## INSTRUCTIONS FOR THE TASK
All of the data below should be set down again verbatim, without any images.

## SUPPLIED INFORMATION
━━━━━━━━━━

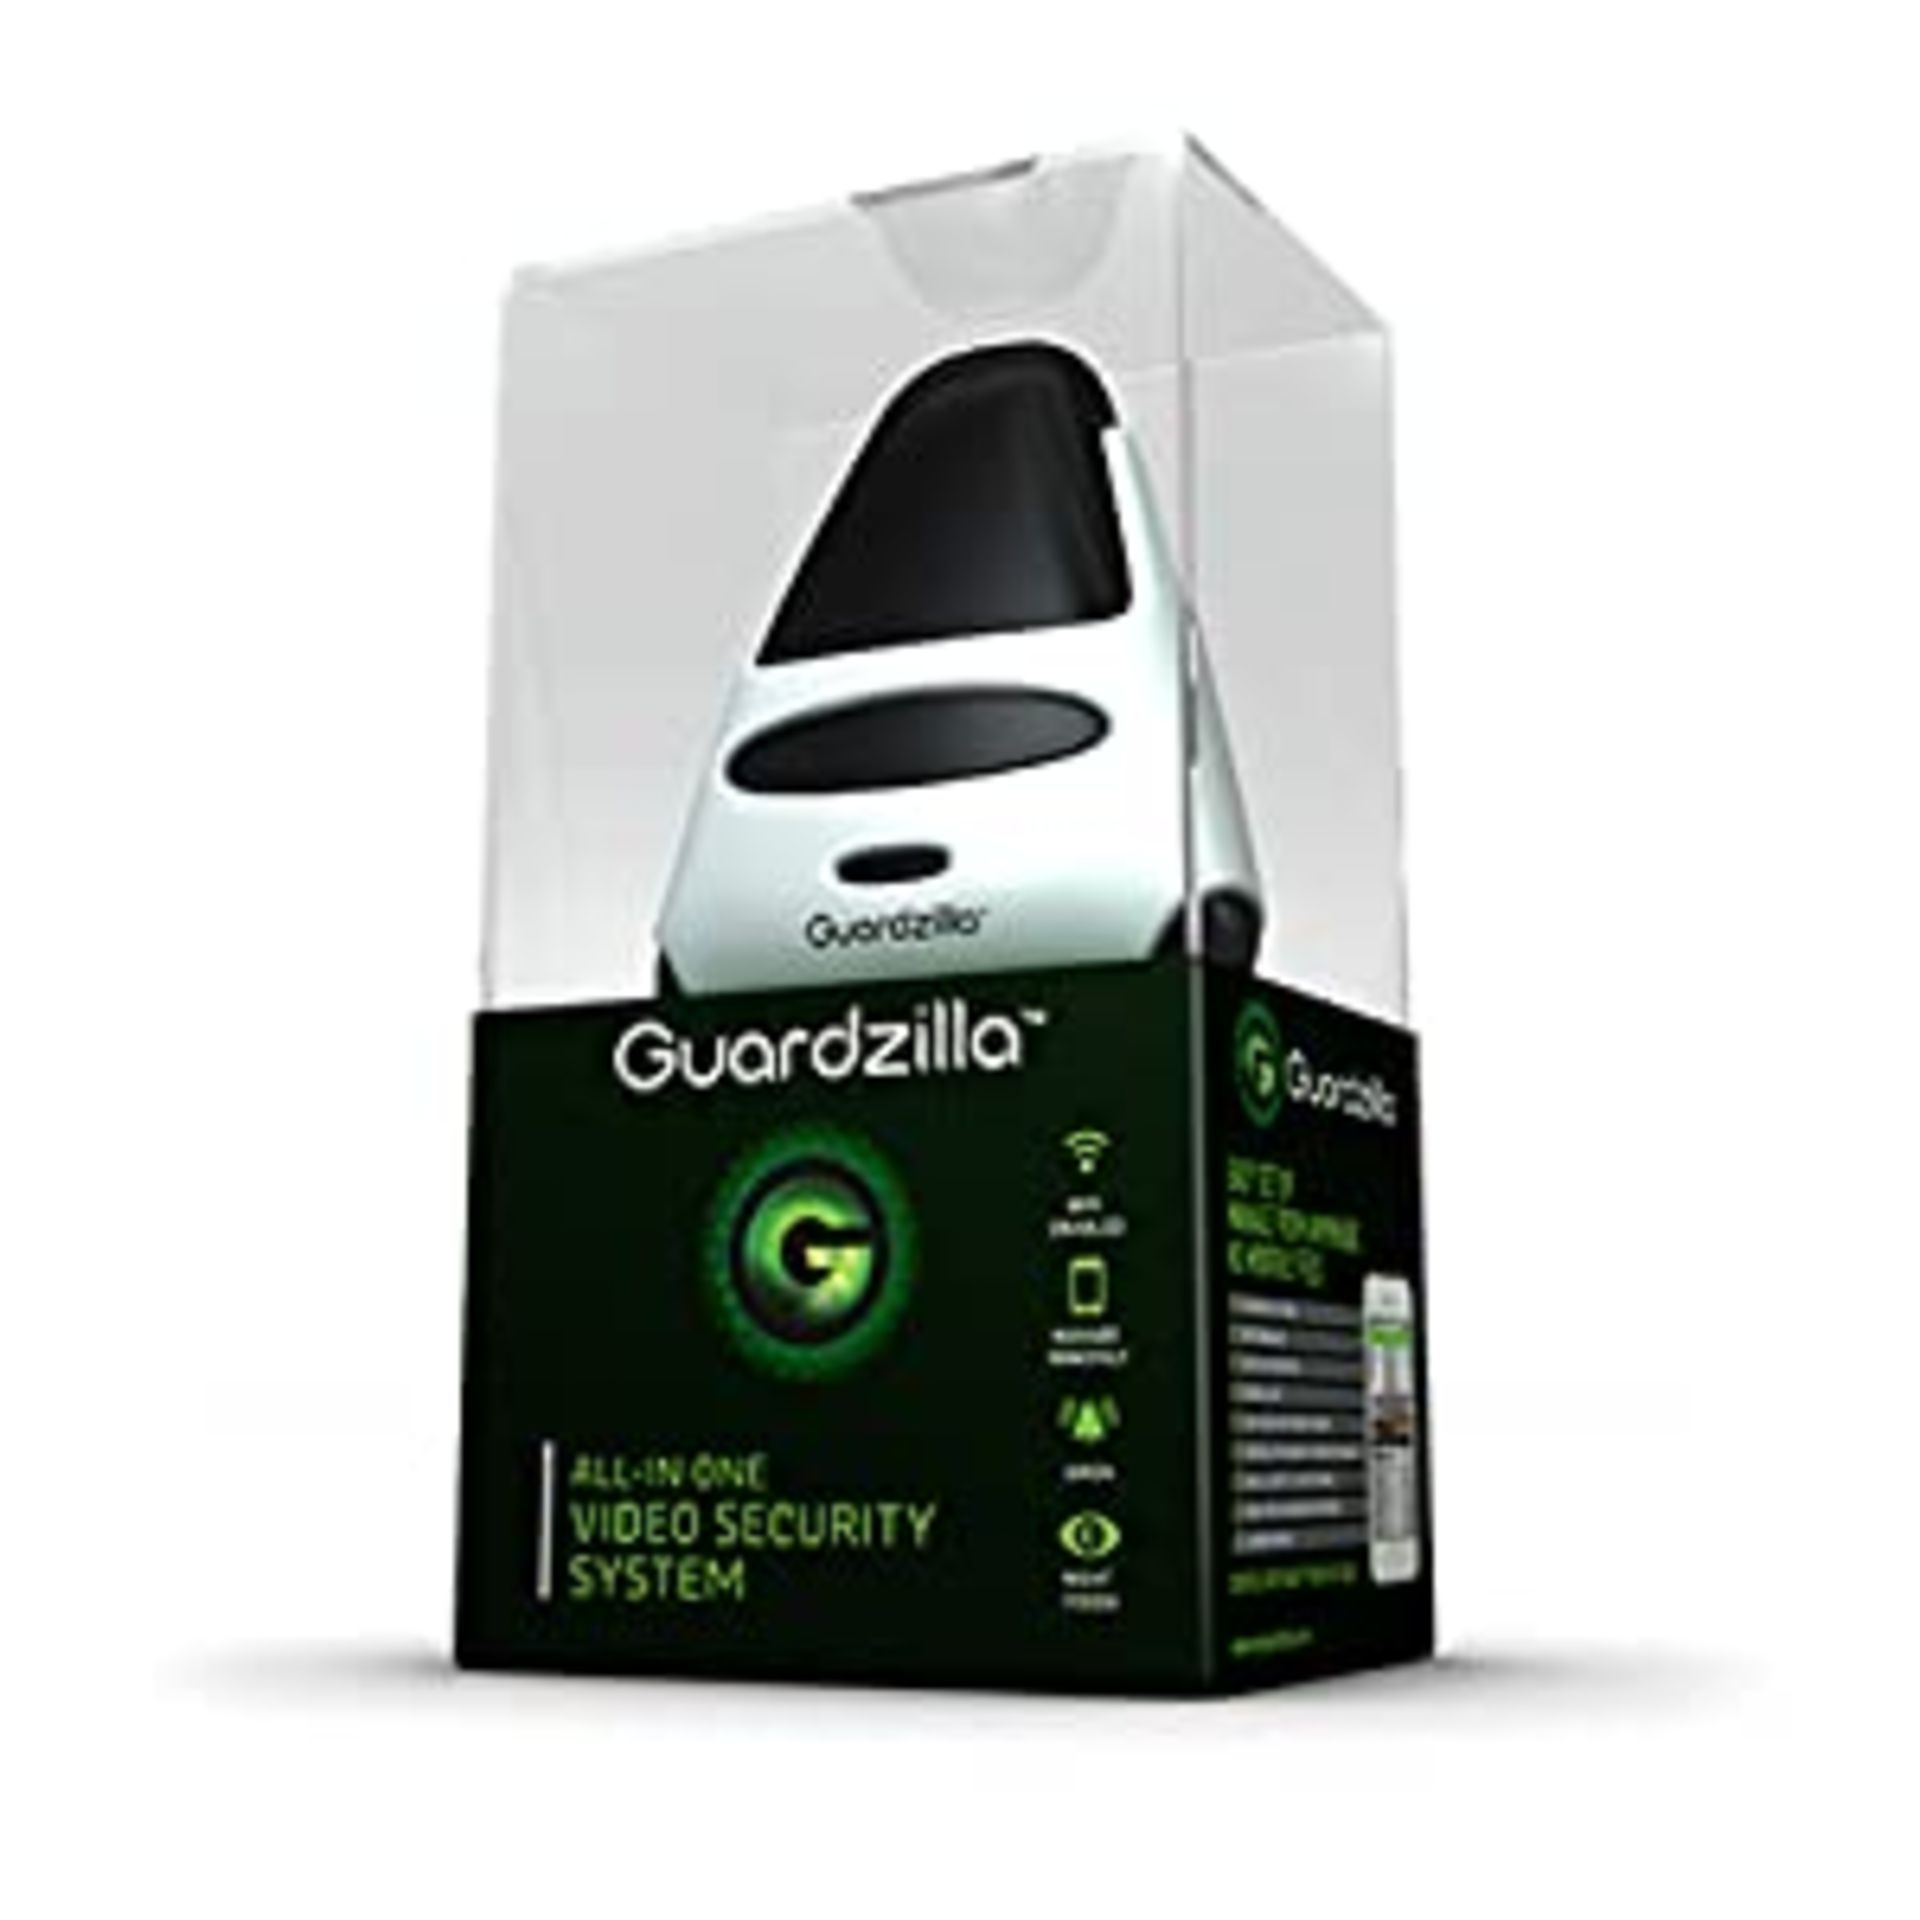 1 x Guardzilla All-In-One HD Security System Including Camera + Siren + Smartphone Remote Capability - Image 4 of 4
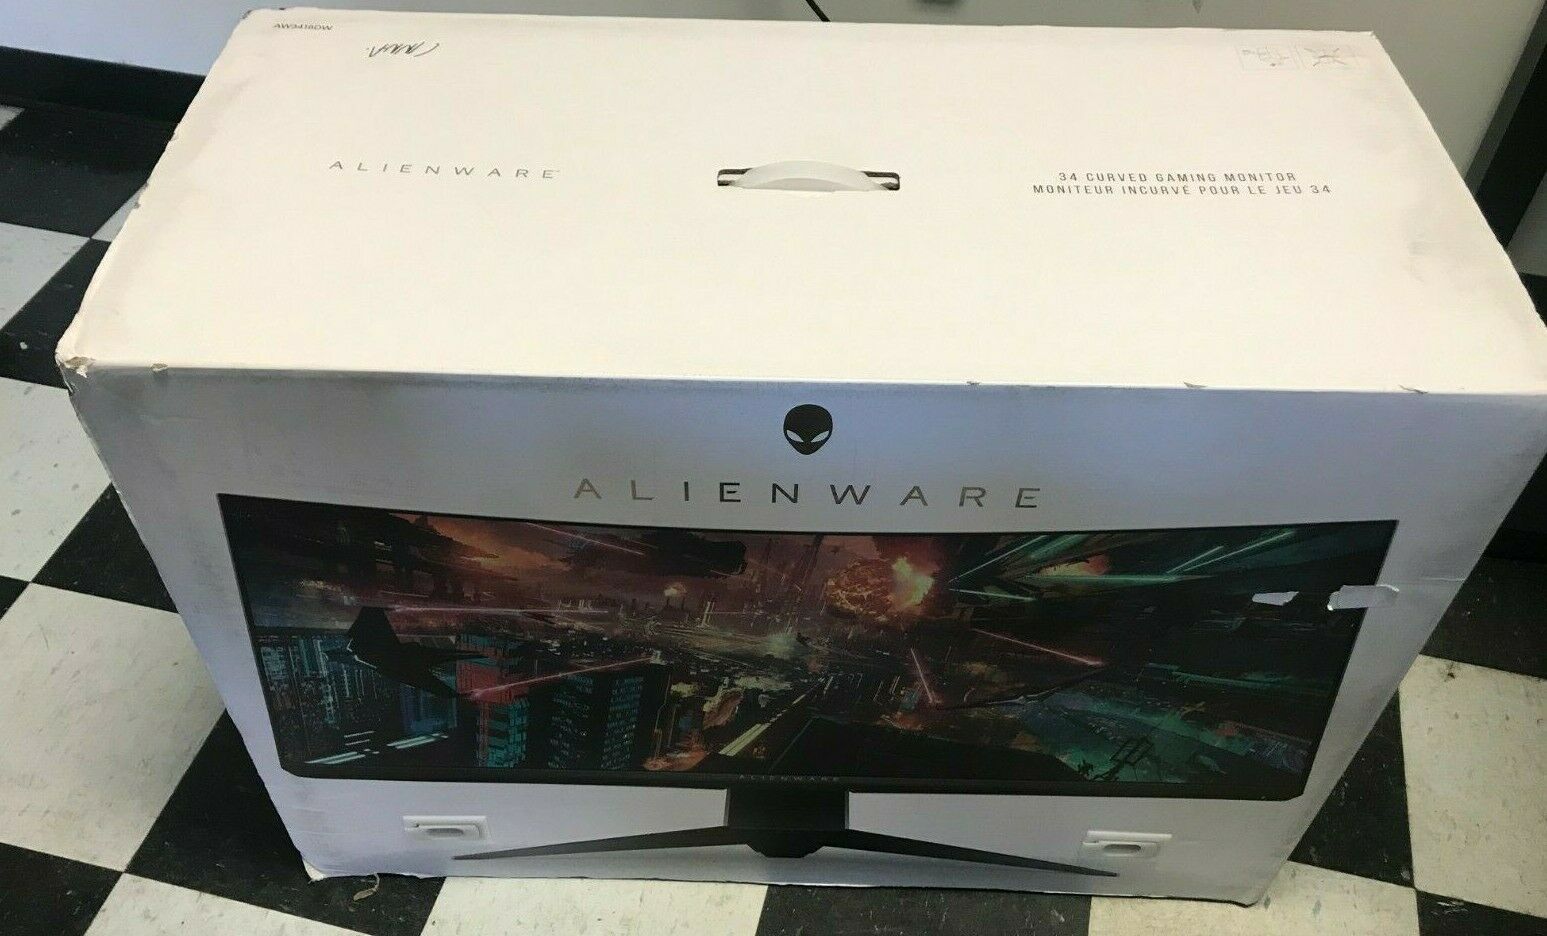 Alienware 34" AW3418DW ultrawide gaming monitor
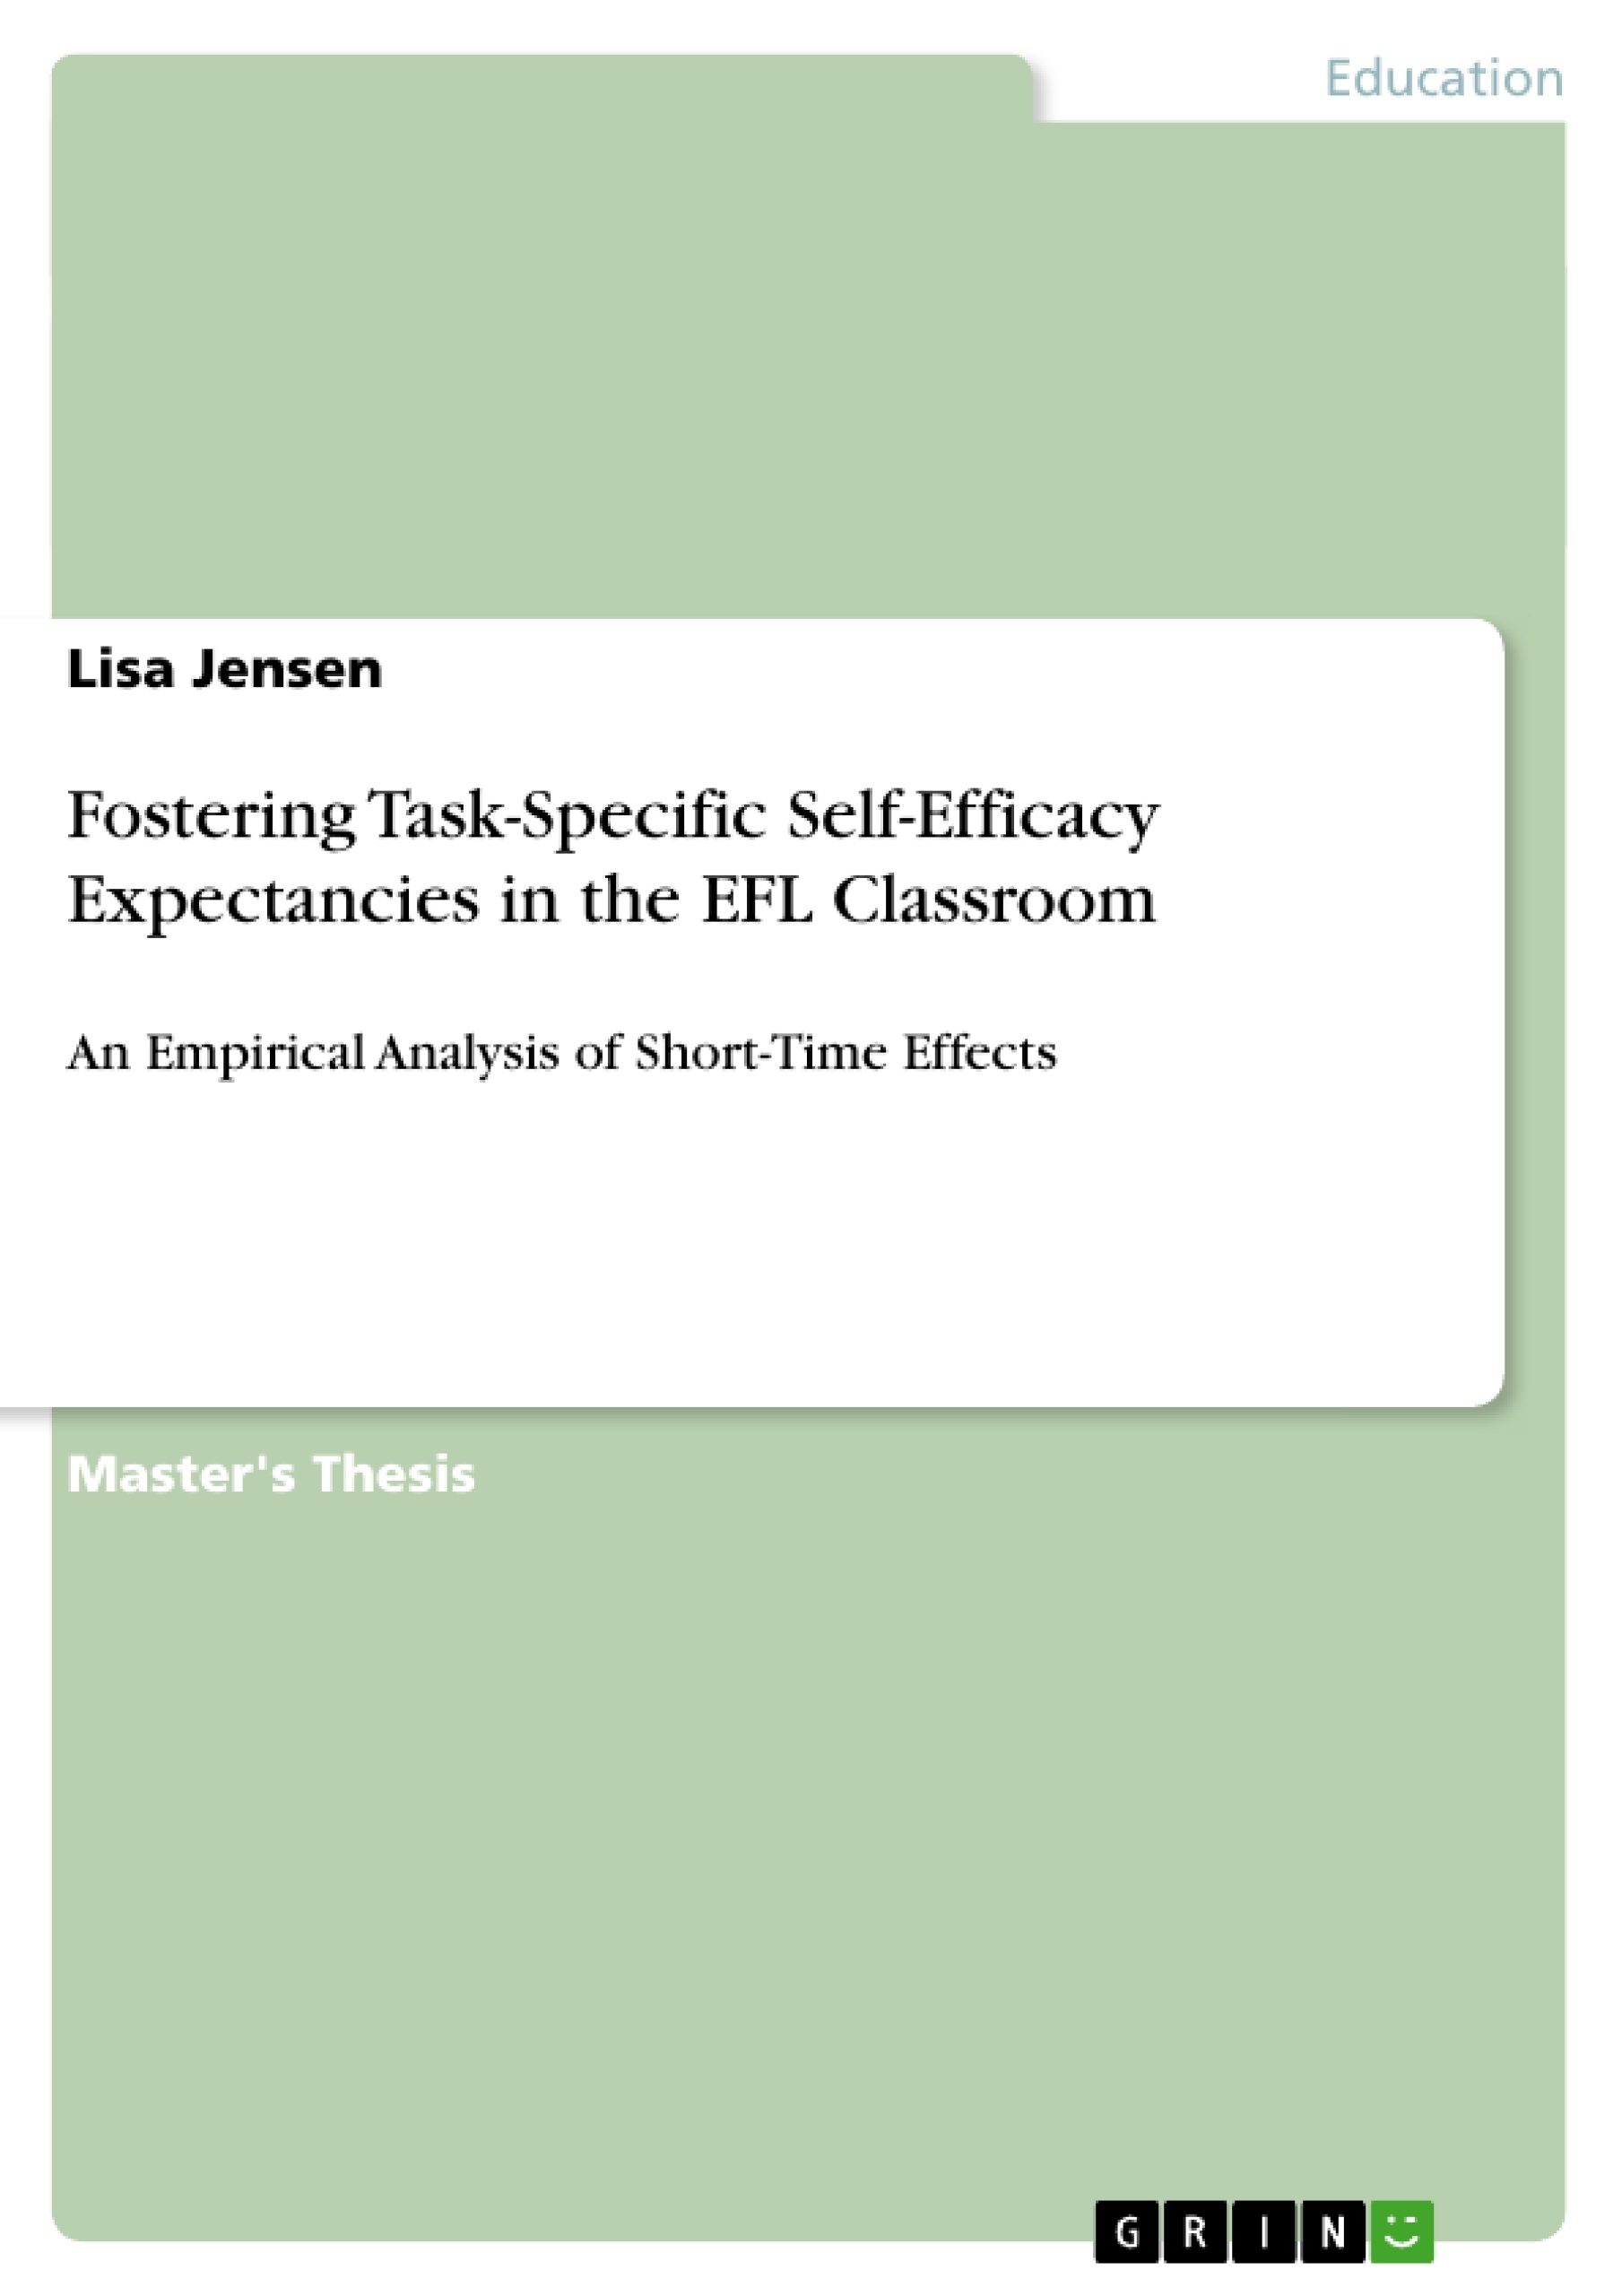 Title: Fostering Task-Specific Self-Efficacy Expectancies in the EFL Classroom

━━━━━━━━━━

## SOLUTION FOR THIS PROBLEM
 1 x Guardzilla All-In-One HD Security System Including Camera + Siren + Smartphone Remote Capability - Image 4 of 4
 Alienware 34" AW3418DW ultrawide gaming monitor
 Title: Fostering Task-Specific Self-Efficacy Expectancies in the EFL Classroom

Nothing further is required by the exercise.